Has CERN found an exploitable vulnerability in physics?

We don't often cover non-computer non-security news on Naked Security.

(Don't worry. When we do, we take great care to find some sort of connection - however nebulous - to the cyberworld, just to keep you, our readers, onside, and to ensure that the URIs in your web logs look as relevant and as important as ever.)

But some news just cries out to be told, like this: that researchers at the European Organization for Nuclear Research, better known as CERN, claim to have exported subatomic particles from Switzerland to Italy at greater than the speed of light!

You read that correctly. Greater than the speed of light - something which even science fiction fans accept isn't really supposed to happen.

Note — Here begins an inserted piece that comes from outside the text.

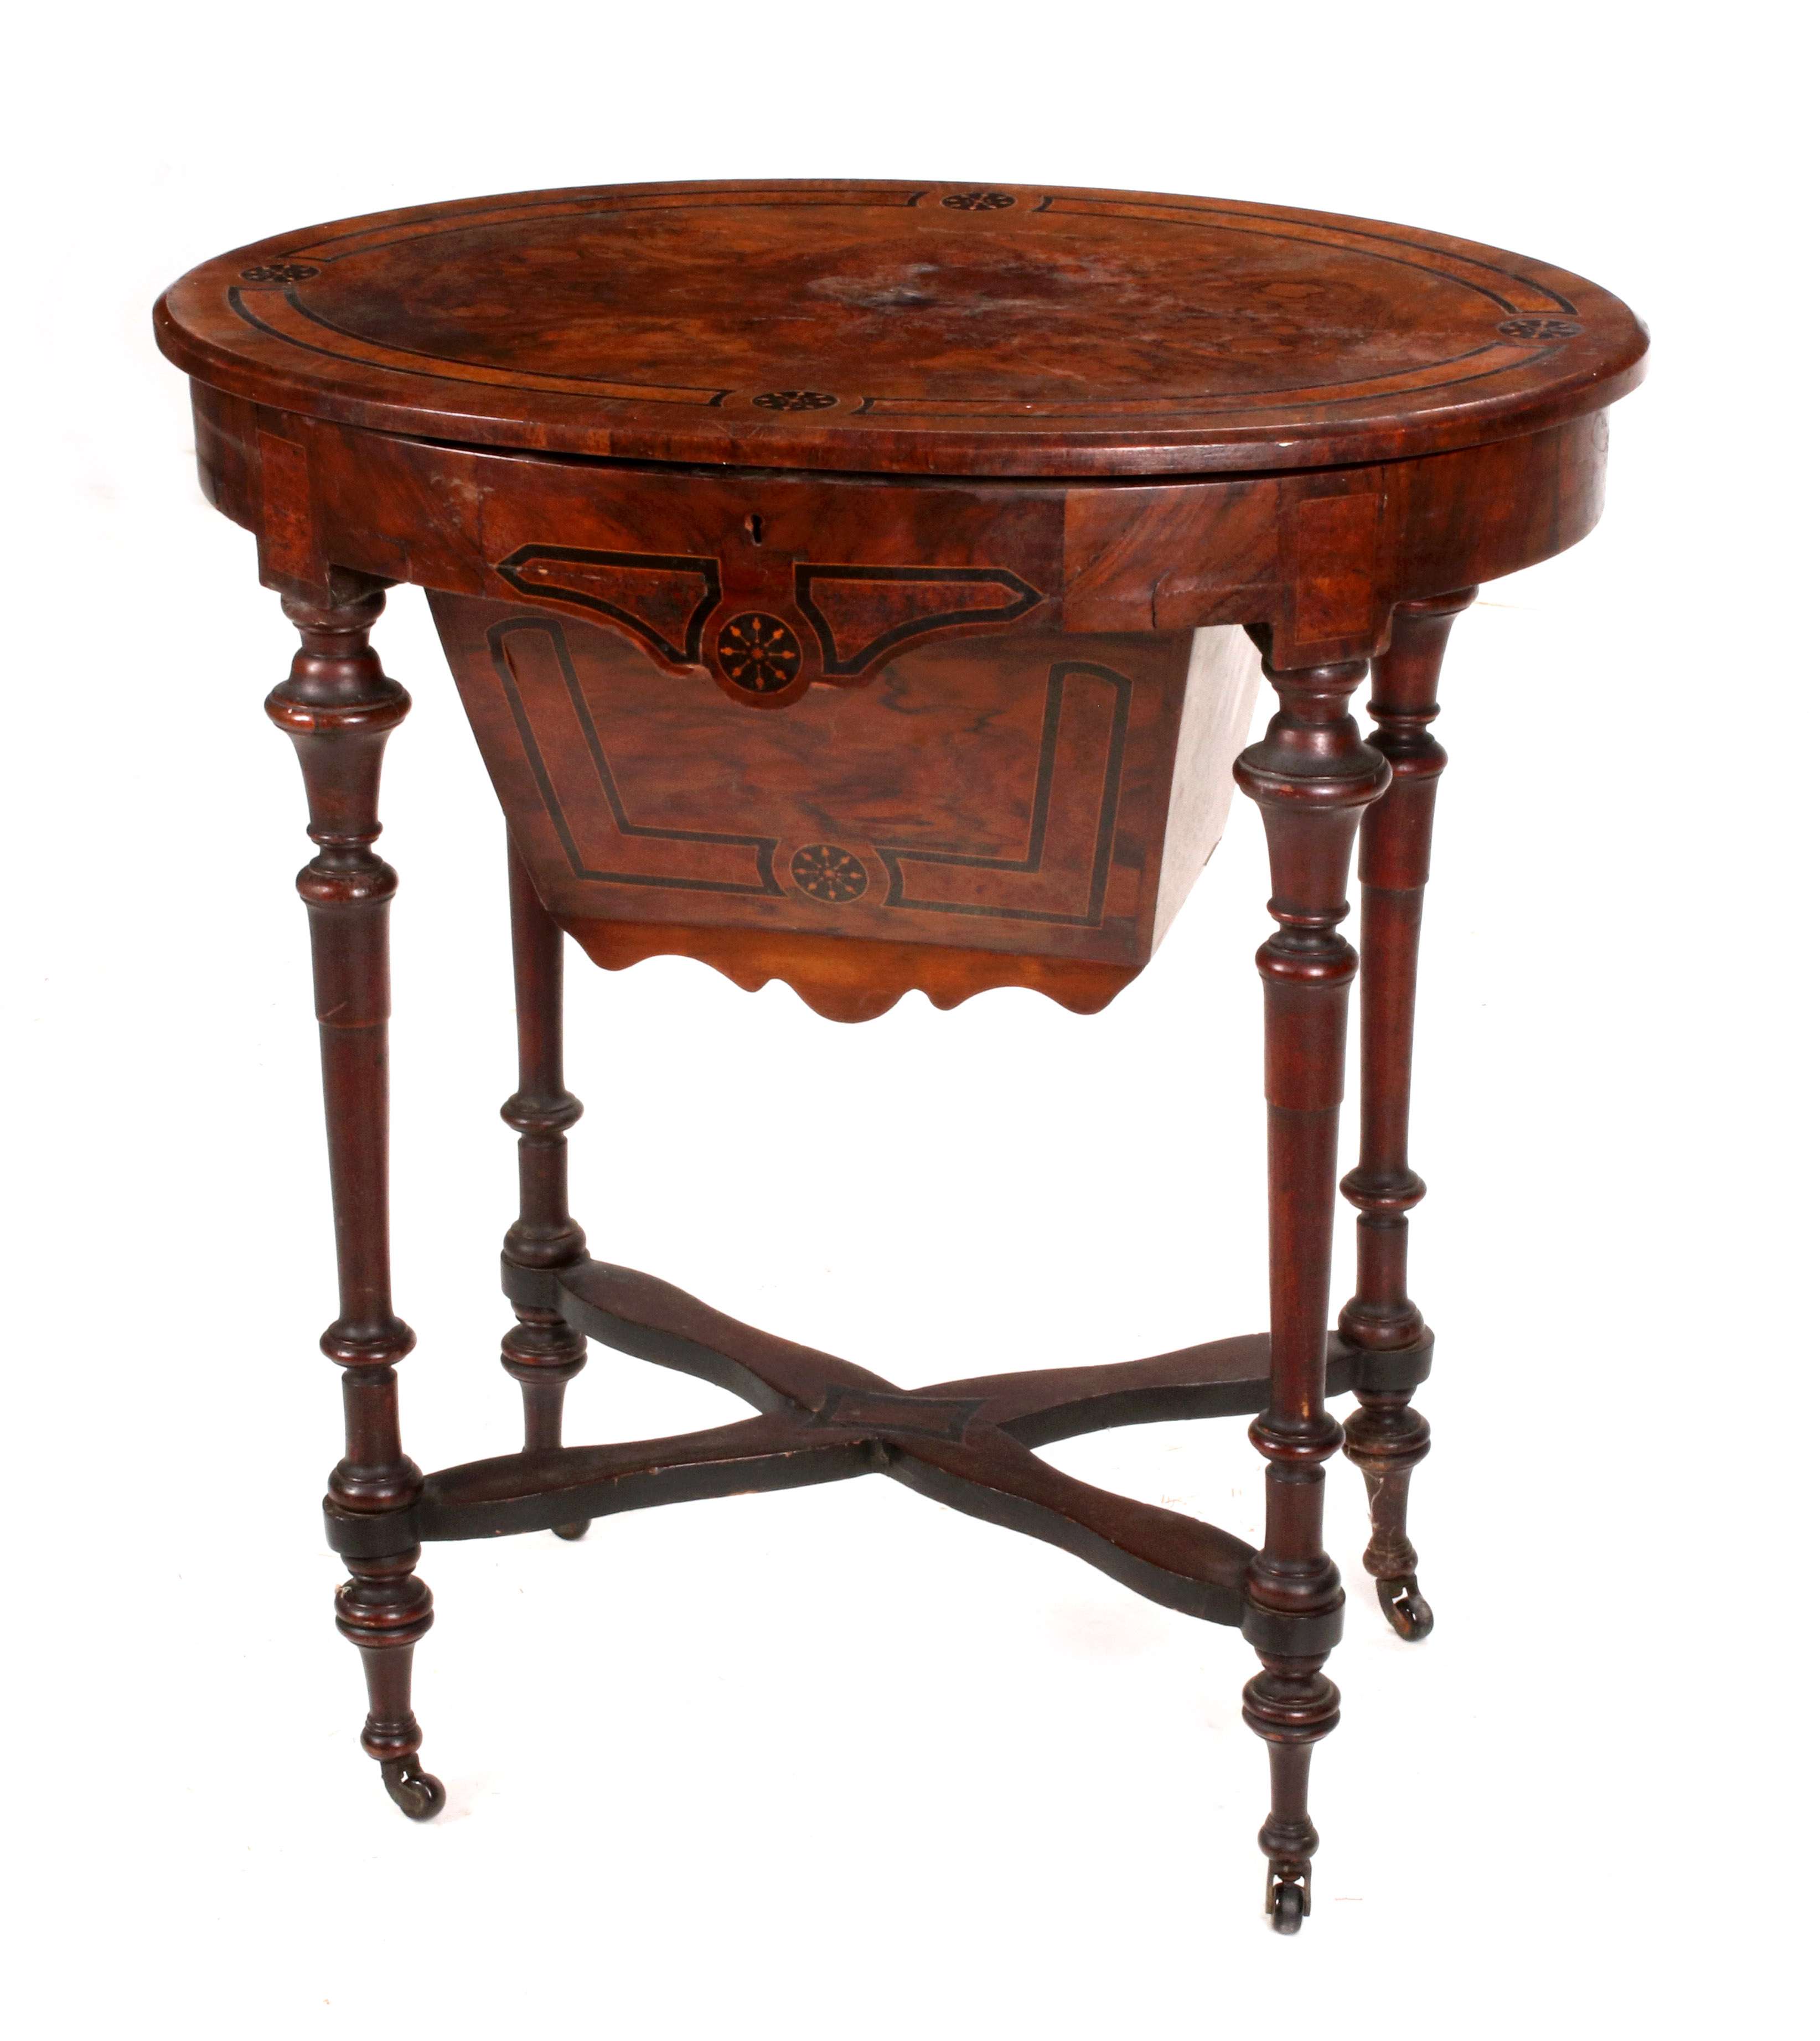 A VICTORIAN RENAISSANCE SEWING STAND WITH INLAY

Reports say that CERN boosted streams of neutrinos to a whopping 300,006 kilometres per second on their journey from Geneva, Switzerland, to a laboratory over 700km away in Gran Sasso, Italy.

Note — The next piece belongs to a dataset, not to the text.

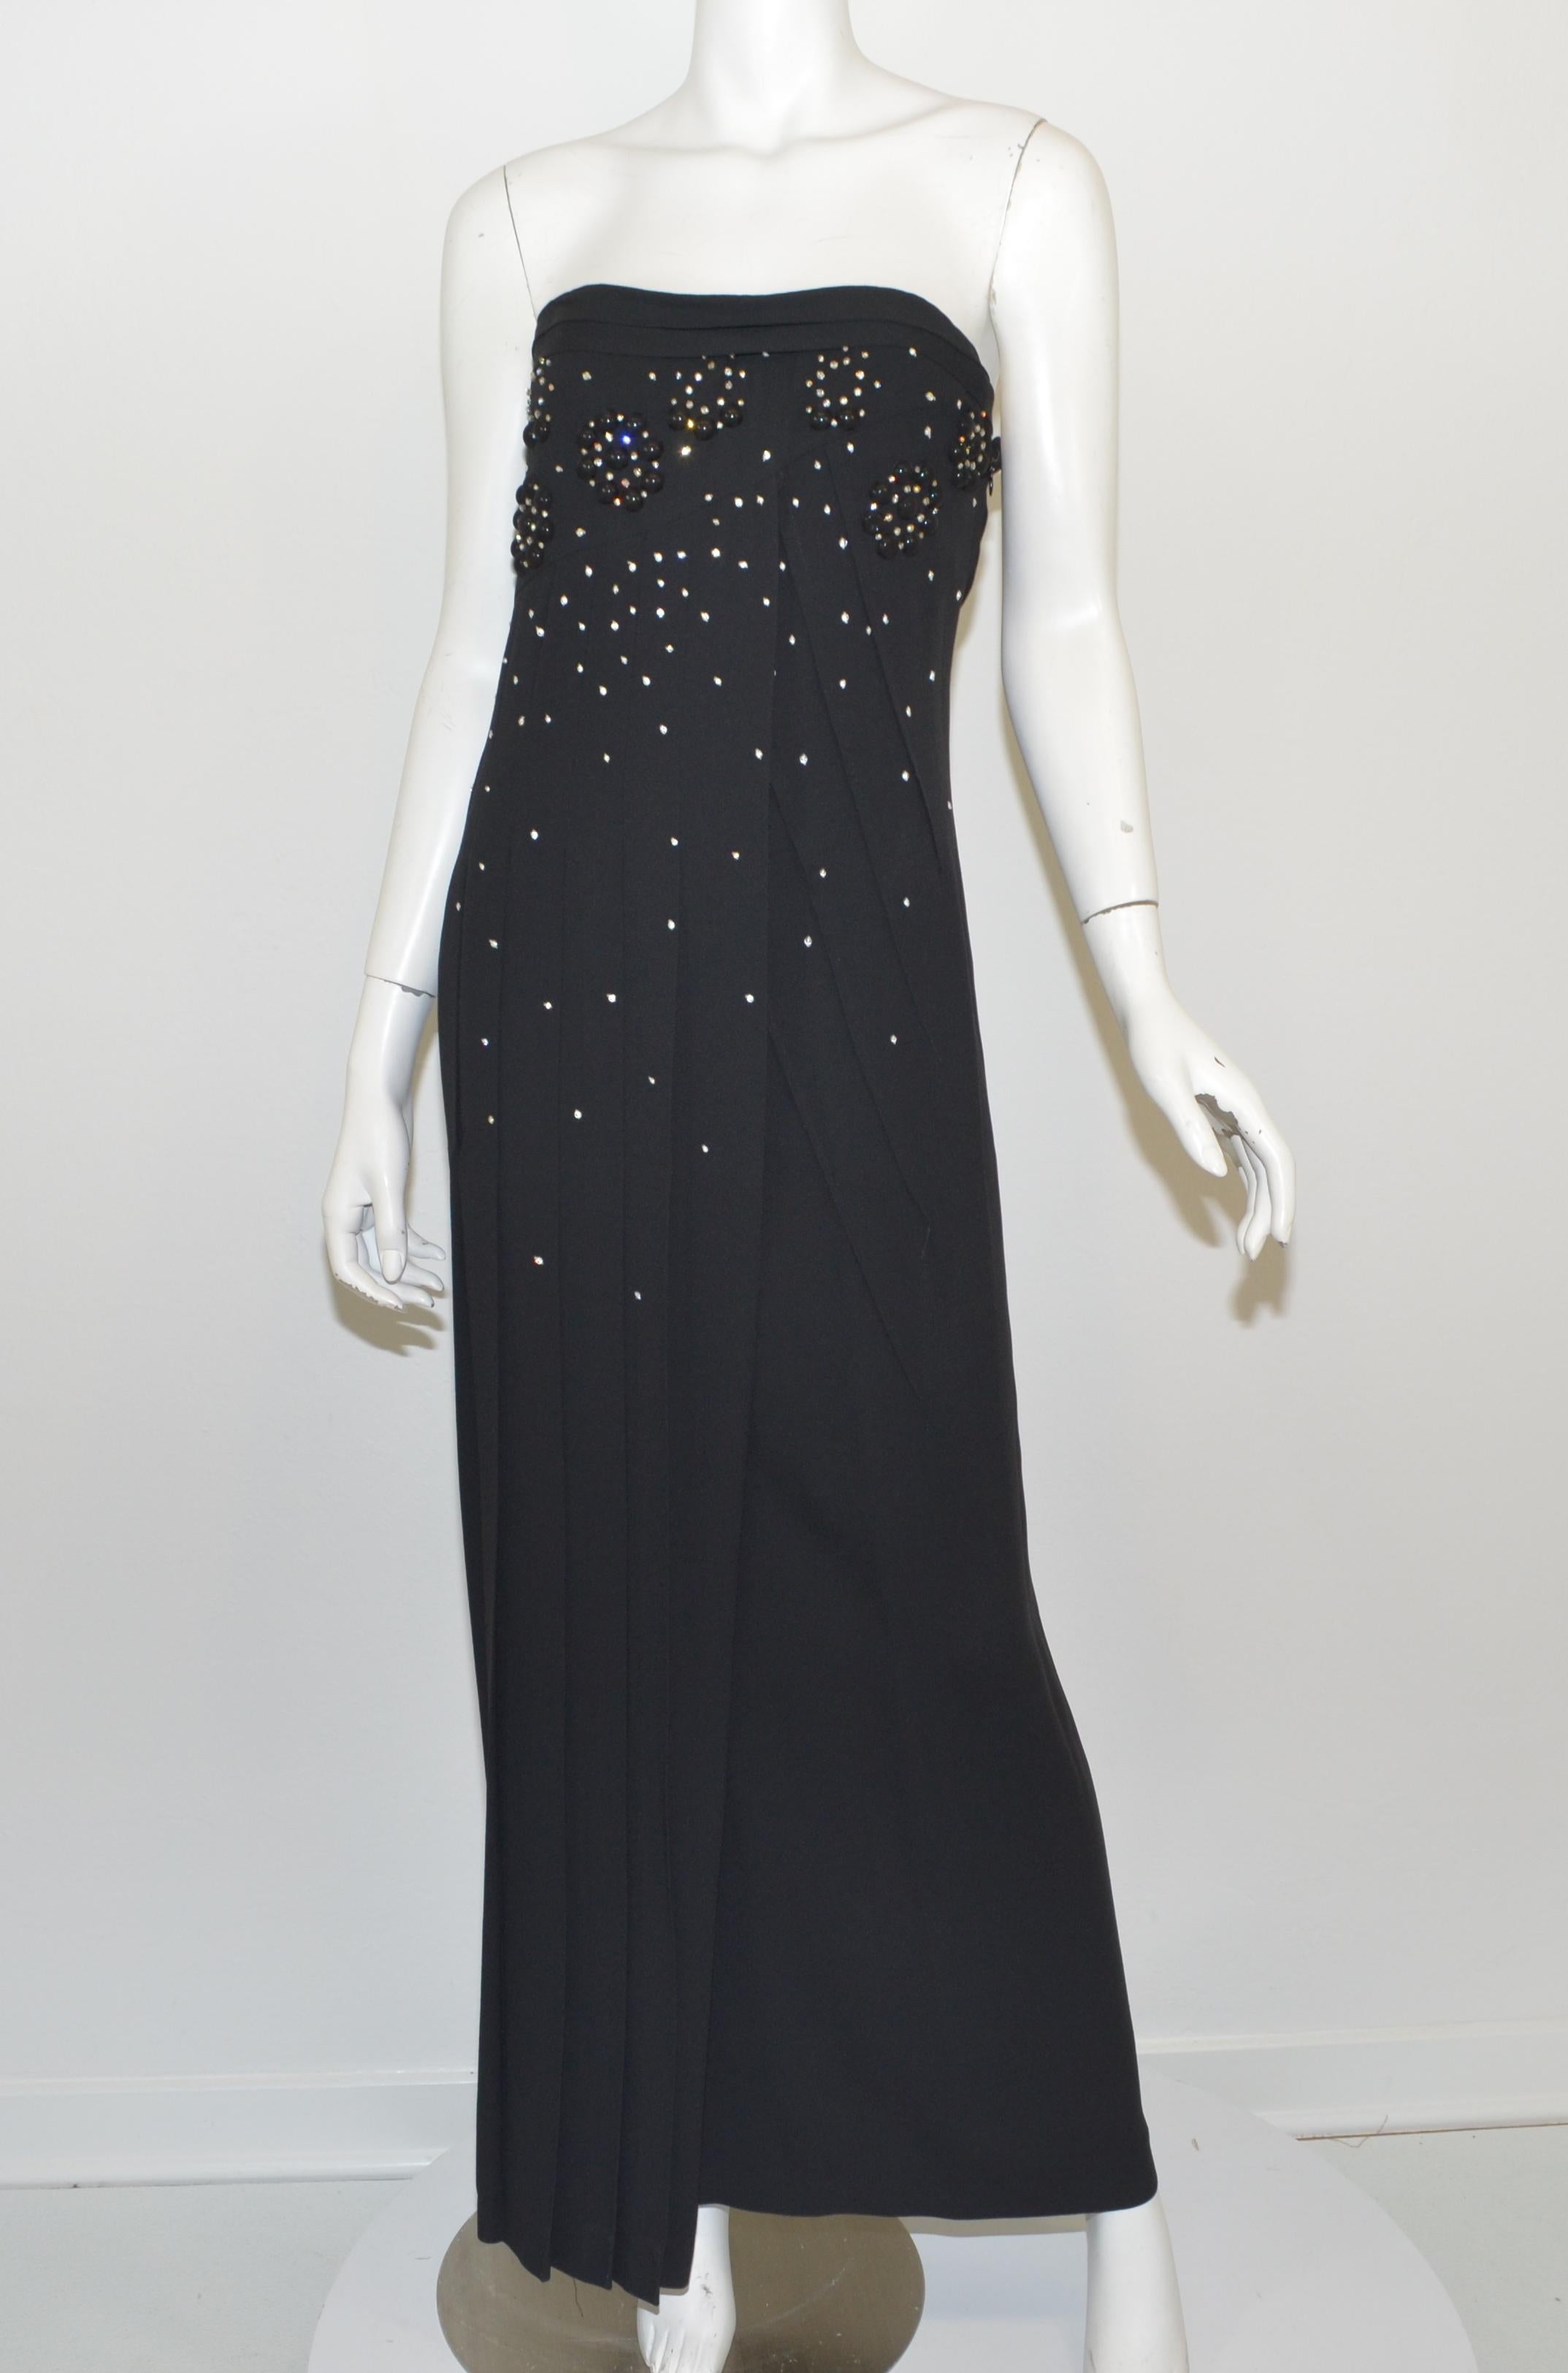 Black crepe, column dress with black beads and rhinestone embellishing along the bust and bodice, front of the dress has a pin-tucked/pleated design with a side zipper closure and a built in, boned bustier bra. 

Measurements:
Bust 26”
Waist

But received wisdom - and the so-called Standard Model of physics - says that the neutrinos ought to have topped out at just 299792 kilometres per second, the speed of light. Suddenly, the laws of physics seem to have an exploitable vulnerability.

The results now need checking out, a project which researchers worldwide will doubtless be keen to take on.

Unless and until the findings are disproved, however, we can all hope that this means that the speed of light will no longer be the limiting factor in the speeds at which we can send data across the internet.

And then, who knows?

Perhaps we will be able to replace our fibre optic cables with neutrino-based transmission systems, and gain an unexpected 0.07% improvement in performance?

Just imagine how much more YouTube video we'd be able to pack into our busy lives!